* [Supplied material]
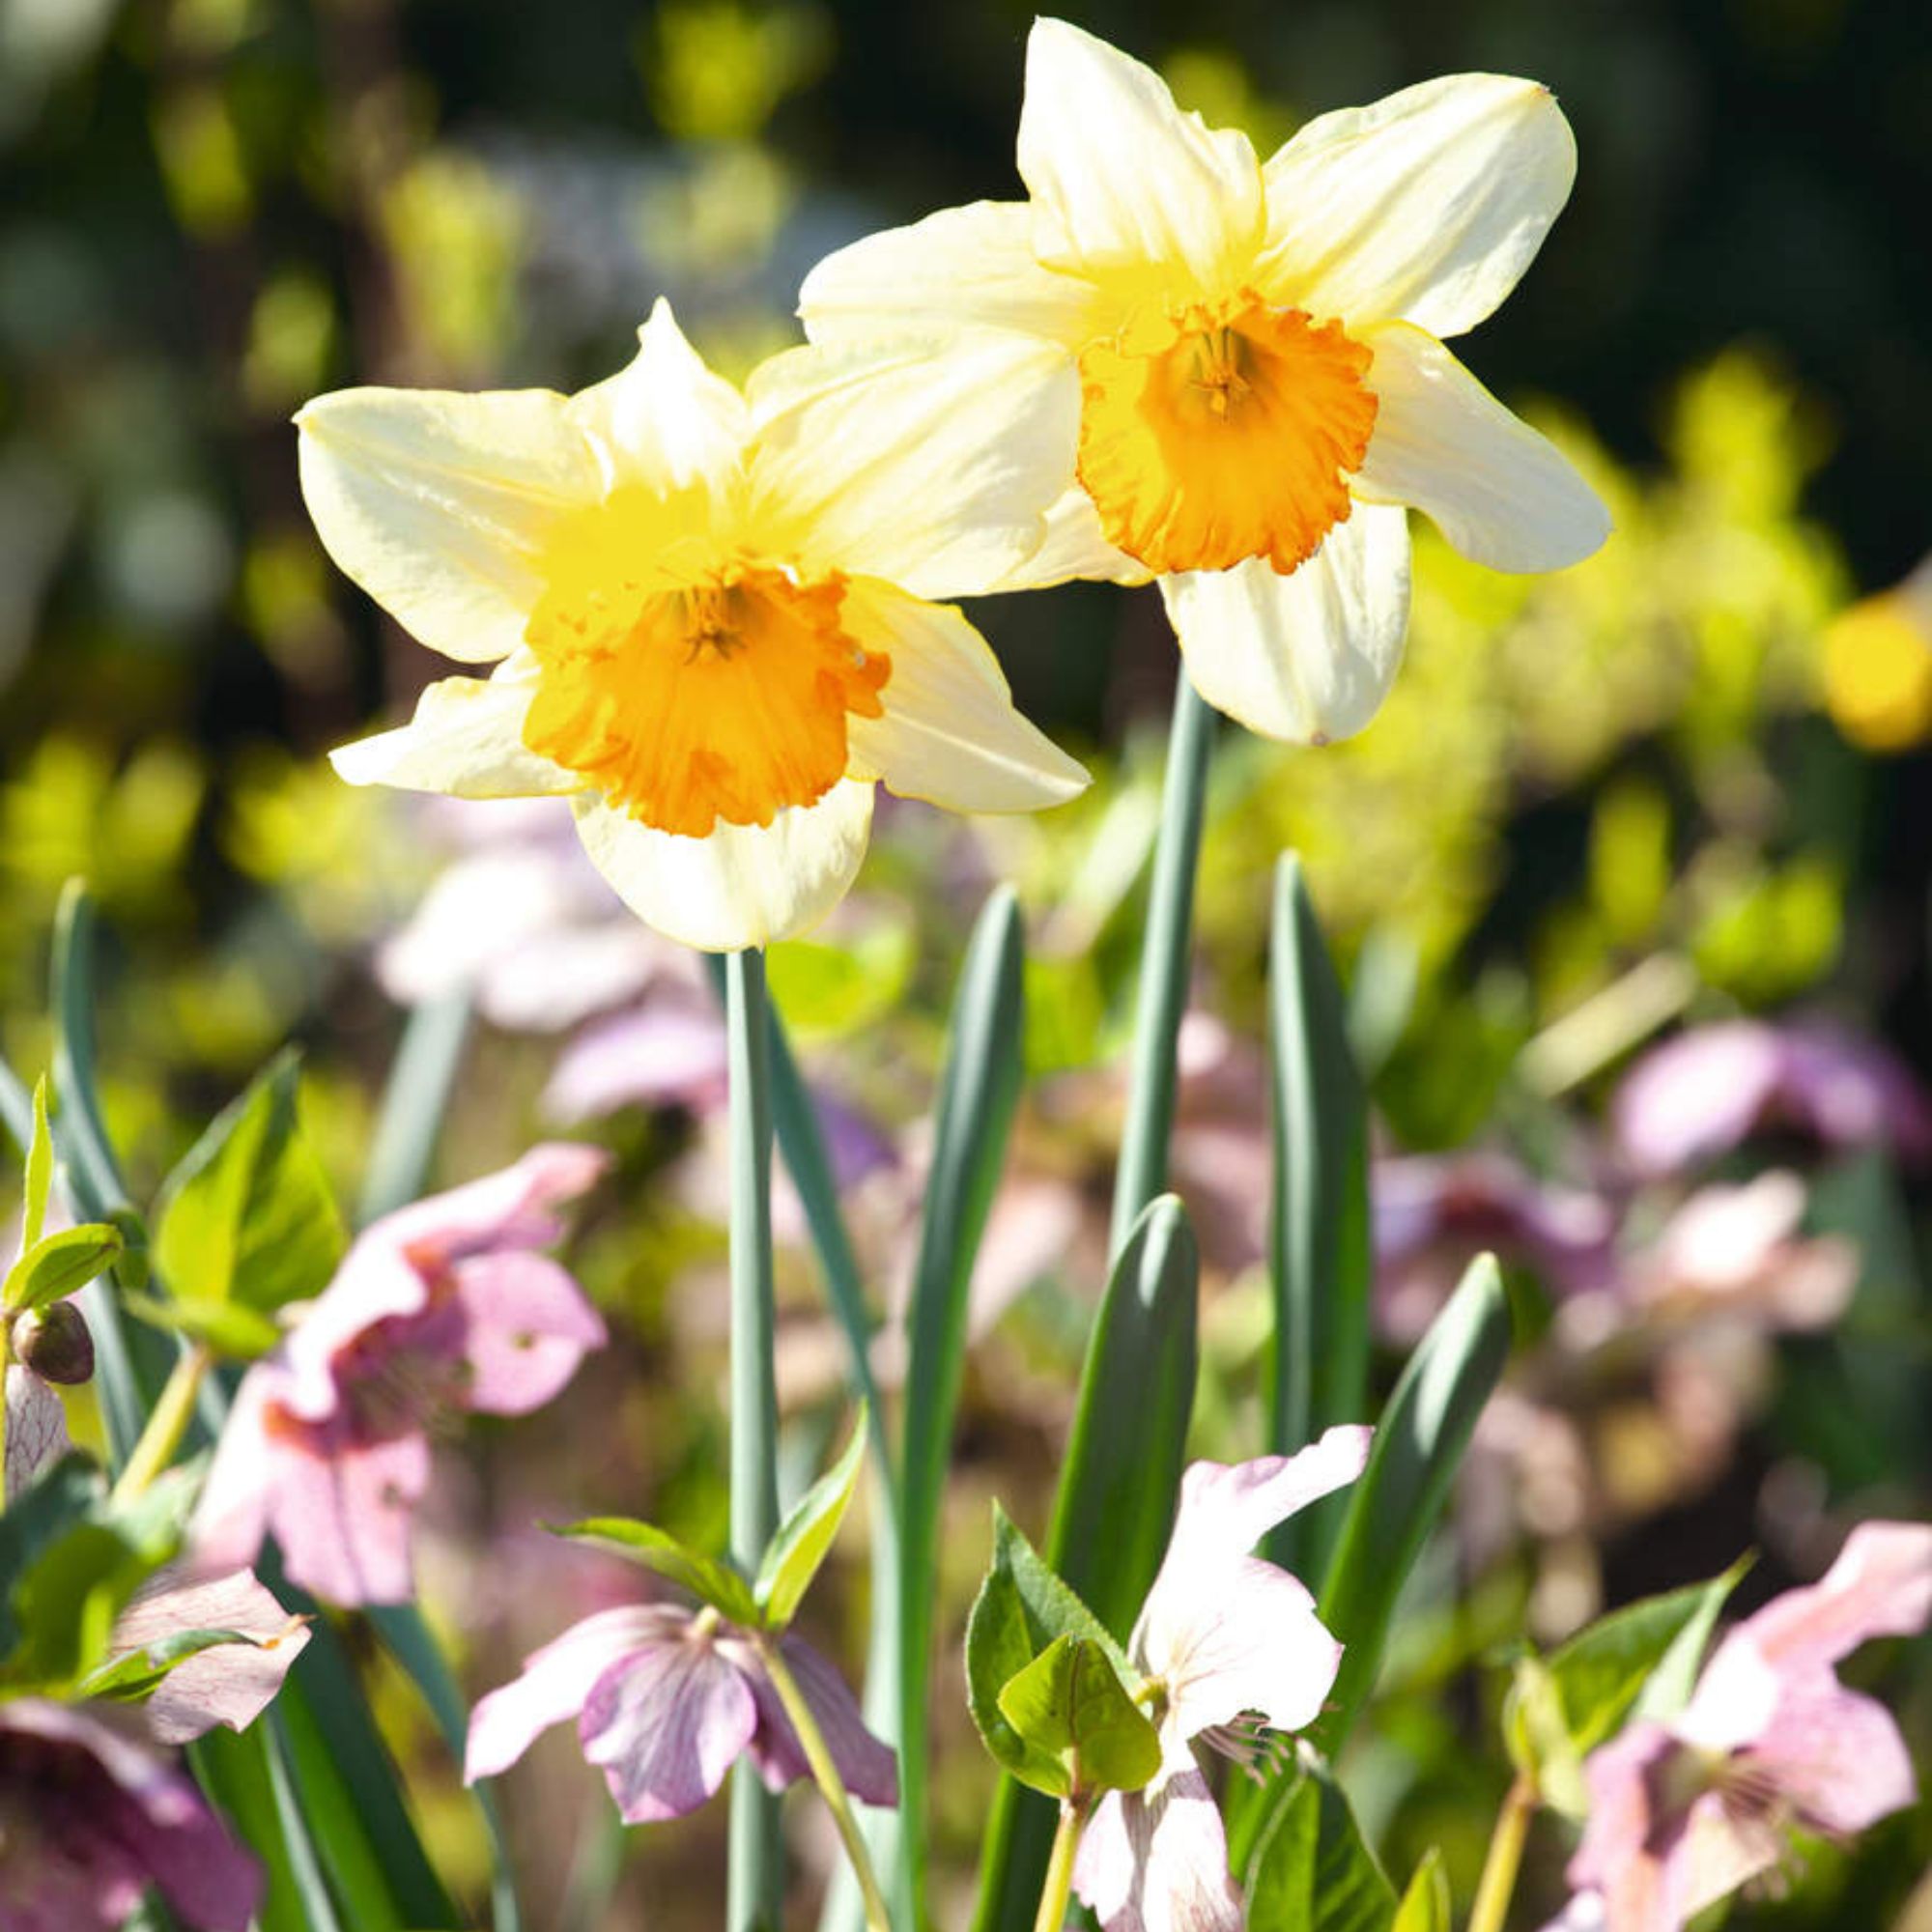 Pale daffodils and crocuses growing from bulbs in grass
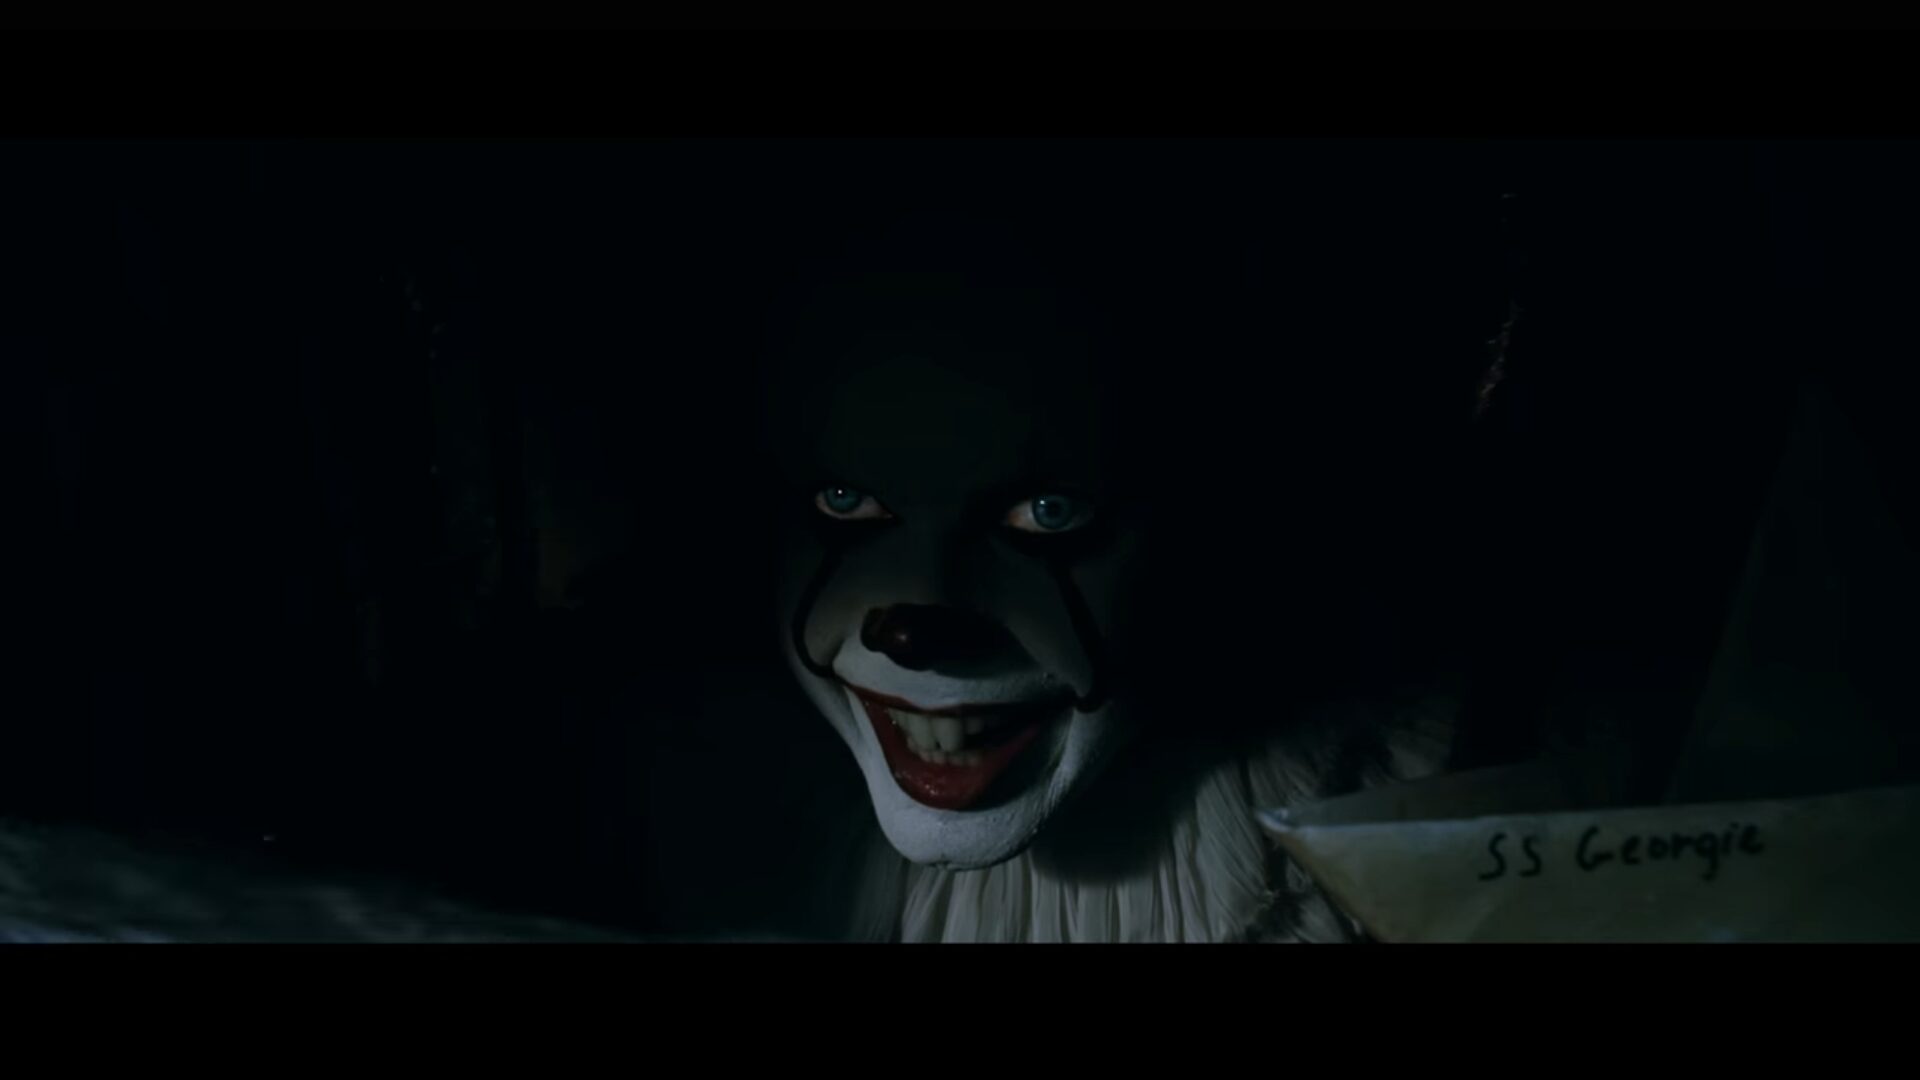 Pennywise Speaks in the New “IT” Trailer
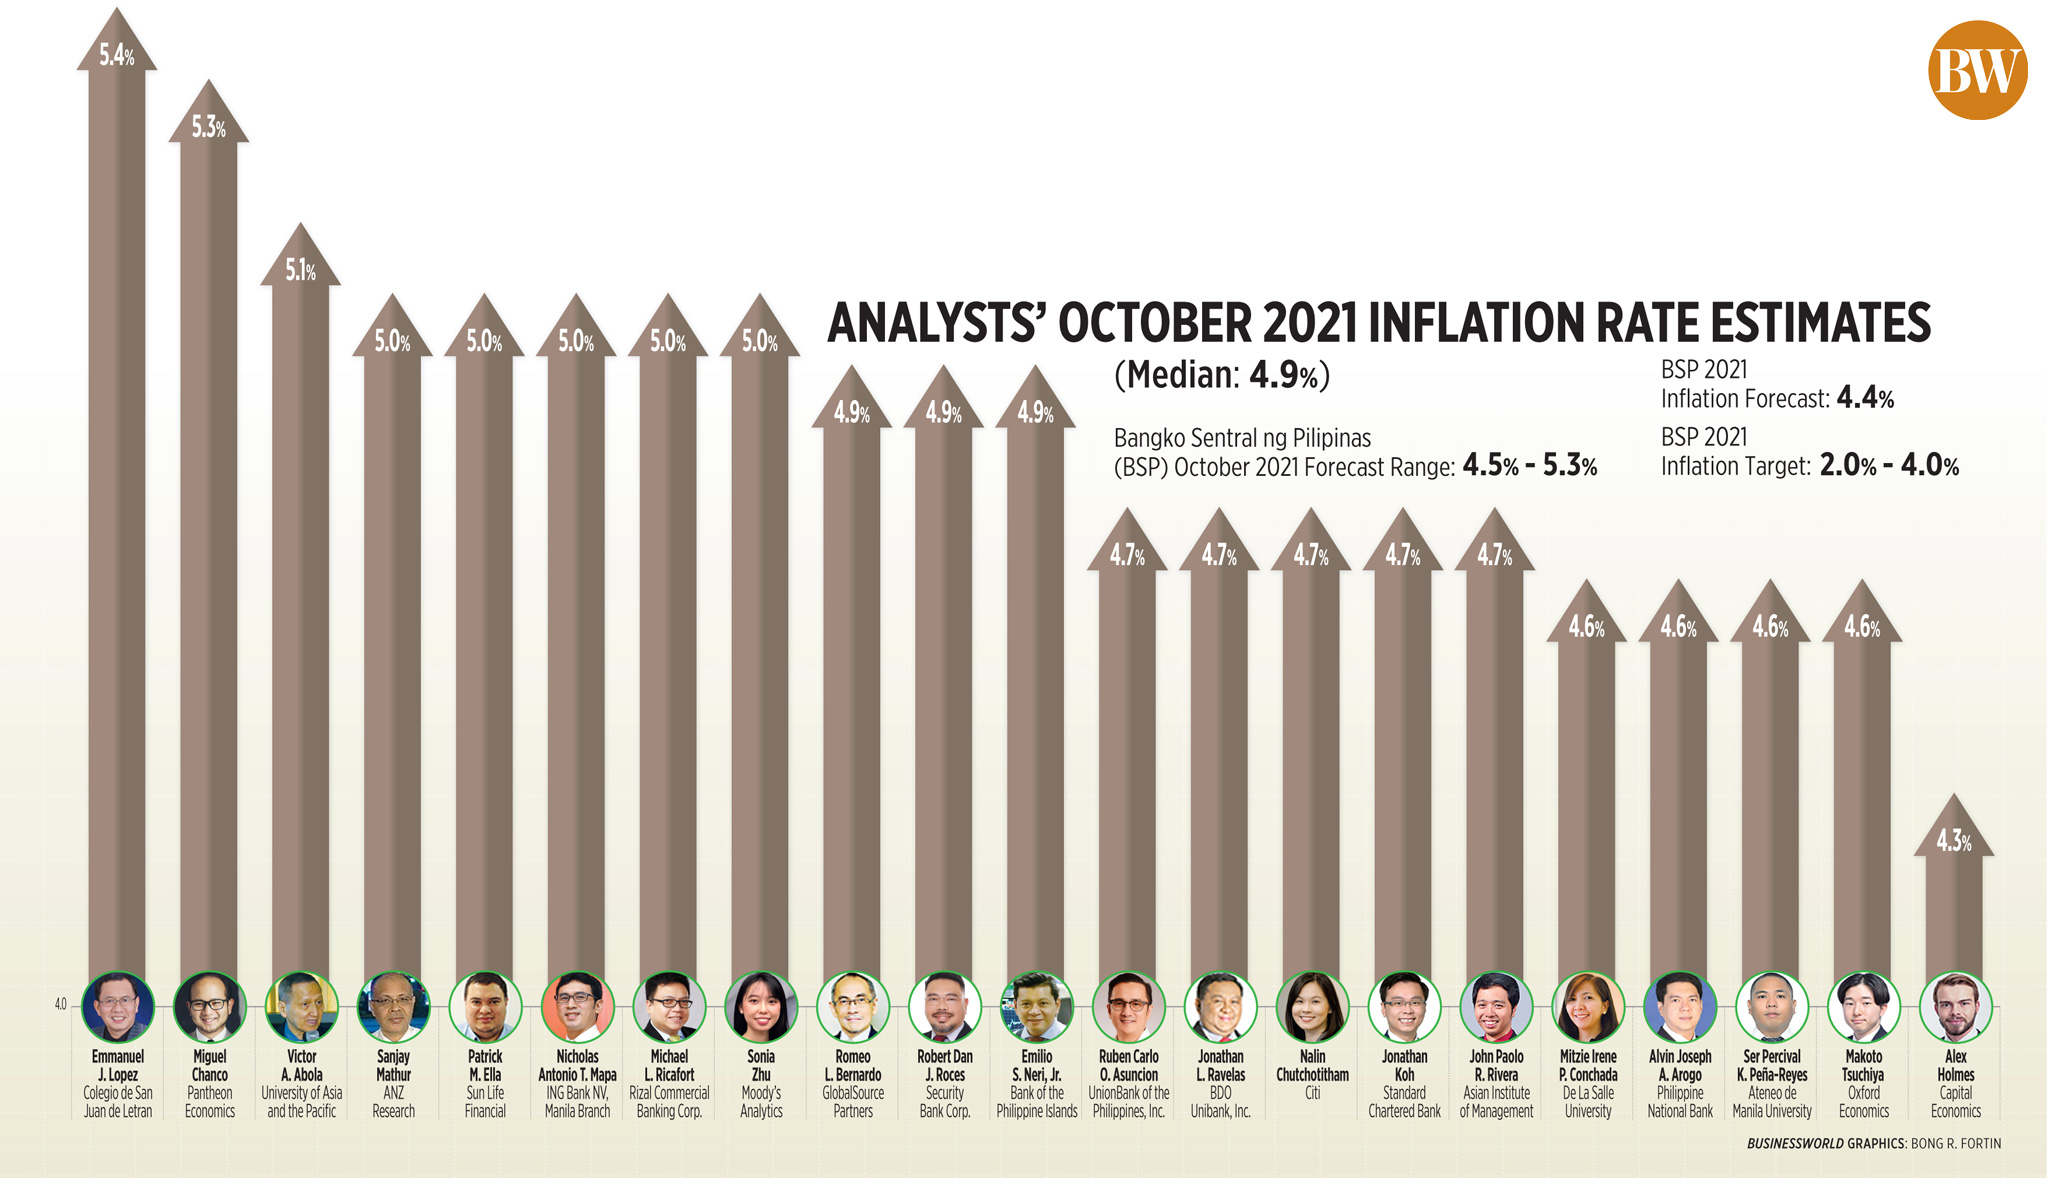 Analysts’ October 2021 inflation rate estimates

* [Your assignment]
The full listing must come back exactly as written, with its pictures left out.

* [Written answer]
 Pale daffodils and crocuses growing from bulbs in grass
 Pennywise Speaks in the New “IT” Trailer
 Analysts’ October 2021 inflation rate estimates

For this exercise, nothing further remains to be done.